2. Raising of zebrafish embryos has traditionally been done in a defined salt solution or embryo medium. We find that this is not necessary as long as an antifungal agent, such as methylene blue, is added to system's water. This may of course vary with the quality of individual water sources.

3. It may be advantageous for some researchers to screen for mutations in pigmentless embryos. In wild-type embryos, pigment develops during the early pharyngula period of development. By early hatching, pigment can significantly reduce the information gained from optical inspection of the embryo. Although a number of fully viable pigment mutations exist in the appropriate genetic background, the researcher has the option of using PTU to inhibit pigment synthesis (see Subheading 2.). This may be of use when rescreening mutations to determine effects later in development.

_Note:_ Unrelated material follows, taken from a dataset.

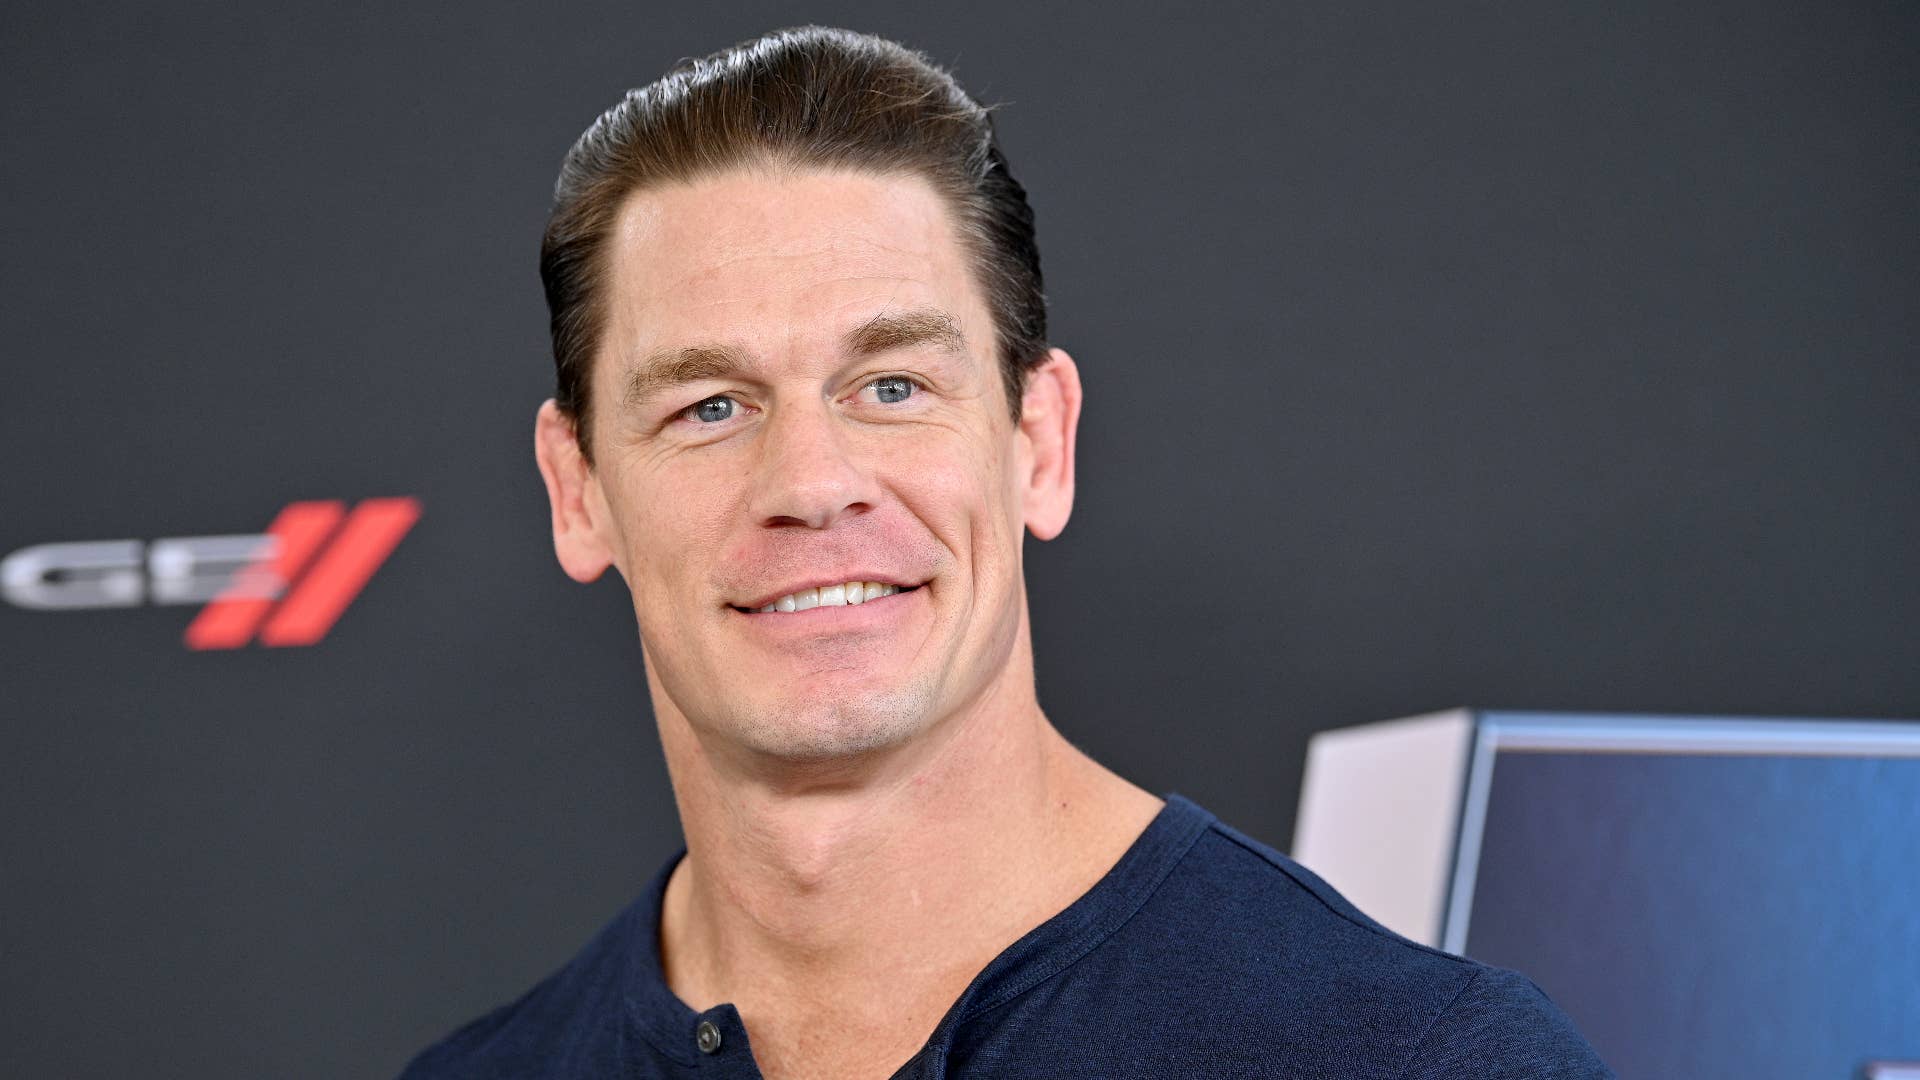 John Cena attends "The Road to F9" Global Fan Extravaganza.

4. It is important to realize that many different regulations govern the importation of fish into different countries, and obtaining import licences can often be costly and time-consuming. It is important to investigate these procedures to avoid fish being impounded and delays that could lead to death of transported fish.

5. Many regulations also govern the mutagenesis of vertebrate animals. In many instances mutagenesis of zebrafish requires a licence from the appropriate authority. Mutagenesis without this licence may be illegal.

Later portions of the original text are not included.